CUDA Python serves as the comprehensive Python interface for NVIDIA GPU computing, offering both high-level Pythonic abstractions through `cuda.core` and low-level direct API access through `cuda.bindings`. The high-level API simplifies common workflows like device initialization, memory management, kernel compilation, and graph-based execution, while the low-level bindings provide full access to CUDA Driver, Runtime, NVRTC, NVVM, and nvJitLink for advanced use cases. The unified memory model with `Buffer` and `MemoryResource` classes enables seamless interoperability with NumPy, CuPy, and other array libraries through DLPack.
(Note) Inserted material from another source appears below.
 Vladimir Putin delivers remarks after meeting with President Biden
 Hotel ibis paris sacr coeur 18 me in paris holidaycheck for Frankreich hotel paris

For production GPU applications, CUDA Python integrates naturally with the broader Python data science ecosystem. Typical integration patterns include: using CuPy arrays as kernel arguments while managing execution through cuda.core streams; leveraging CUDA Graphs for repetitive workloads in training loops; implementing custom GPU operators for PyTorch or JAX using the compilation API; and building multi-GPU applications with explicit memory management and P2P communication. The separation between `cuda.core` and `cuda.bindings` allows developers to start with high-level APIs and gradually incorporate low-level control as needed for performance optimization.